This discussion is a follow up from a previous one, which actually changed subject with my intervention :
I continue here to not bother all the participants of the previous discussion.
In order to answer Simon W. questions (at the bottom of previous discussion):
I see, however I changed quickly this, and results on training data improved.
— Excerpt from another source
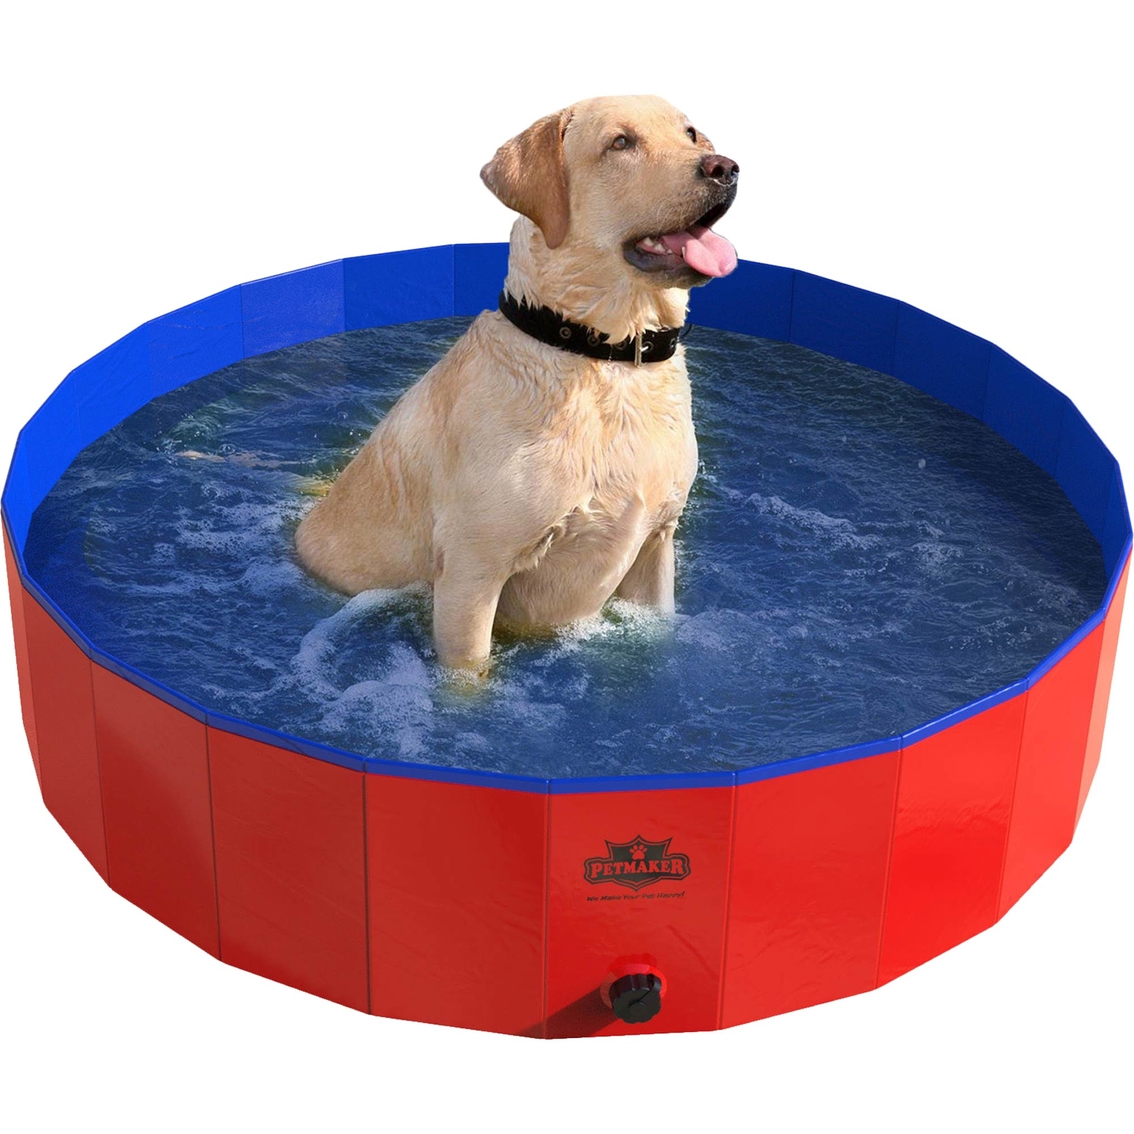 Petmaker Collapsible Pet Dog Pool and Bathing Tub - Image 6 of 8

They go above 99% accuracy already at the second iteration (keeping padding into account).
char_input is initialised like this:
self.char_hidden = (autograd.Variable(torch.zeros(self.num_directions, self.batch_size, self.char_hidden_dim).type(dtype), requires_grad=False, volatile=vflag), autograd.Variable(torch.zeros(self.num_directions, self.batch_size, self.char_hidden_dim).type(dtype), requires_grad=False, volatile=vflag))
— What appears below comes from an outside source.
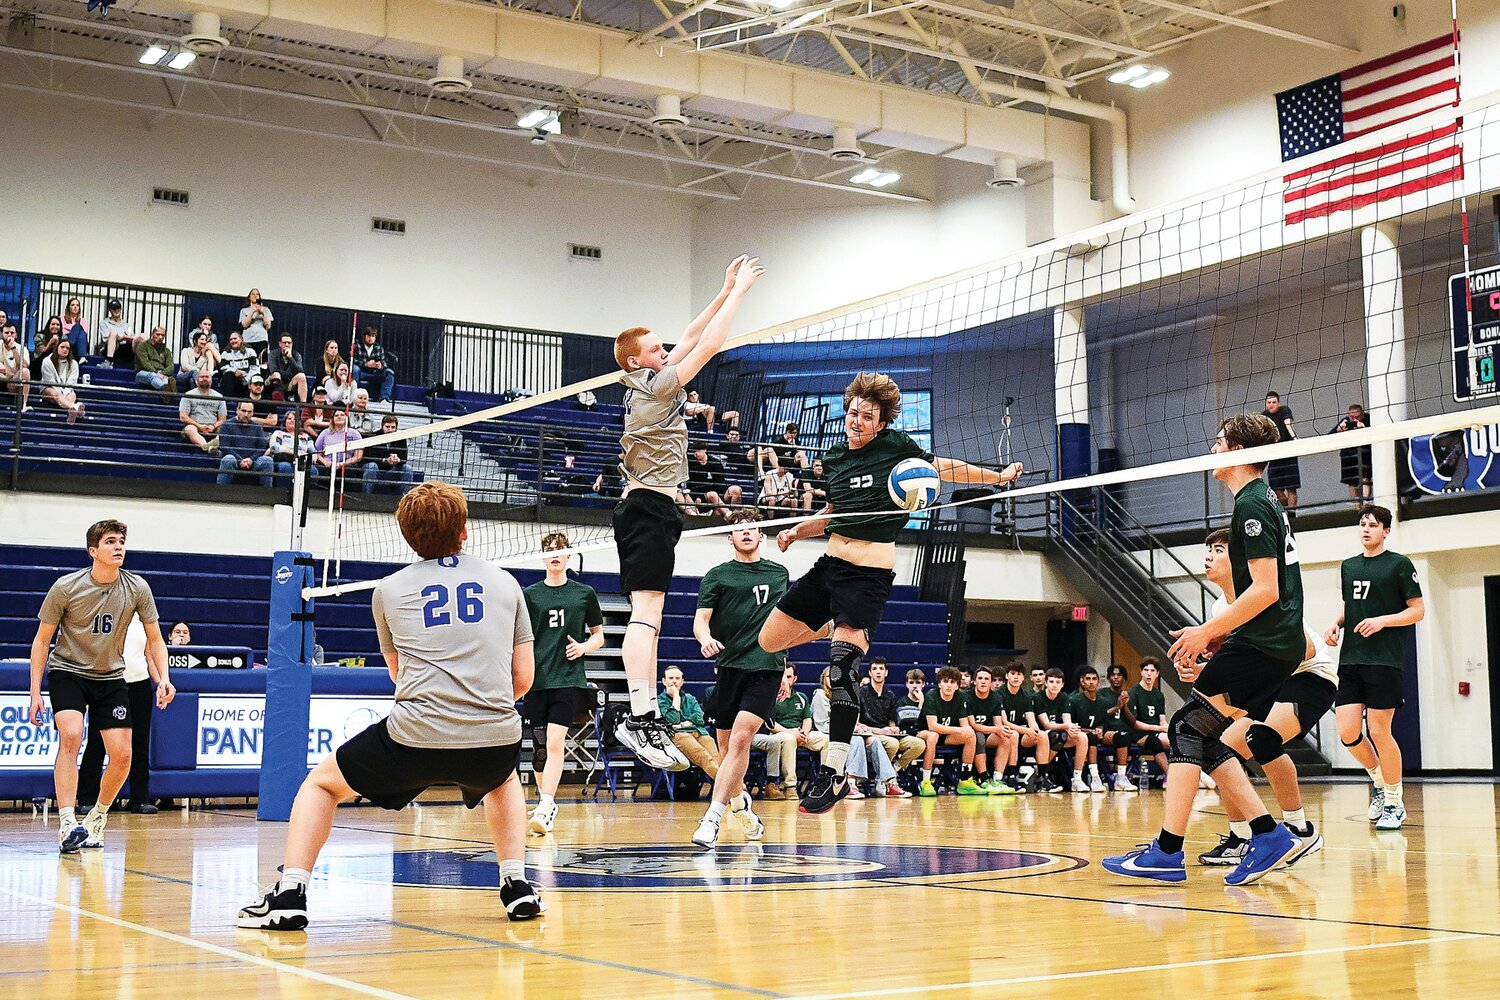 Pennridge’s Bryce Ammon slams the point in front of the block of Quakertown’s James Conner.

dtype is torch.cuda.FloatTensor when cuda is enabled (which is the case), otherwise it is torch.FloatTensor
vflag is a flag which is True when the model is run in testing mode.
It’s actually both in different senses:
Memory usage is increasing on RAM, slightly, but increasing.
Momory usage is large and constant on GPU. It takes 5.7GB for the model and only one batch of data (10 sentences).
A colleague of mine is loading the whole data set on GPU, which is also a bigger data set than mine, and his script takes only 2.5GB.
And when I run without cuda, my script takes 1GB in total on RAM (so for the whole dataset, not just the current batch, plus the model and few other stuffs).
Thank you once again for your answers.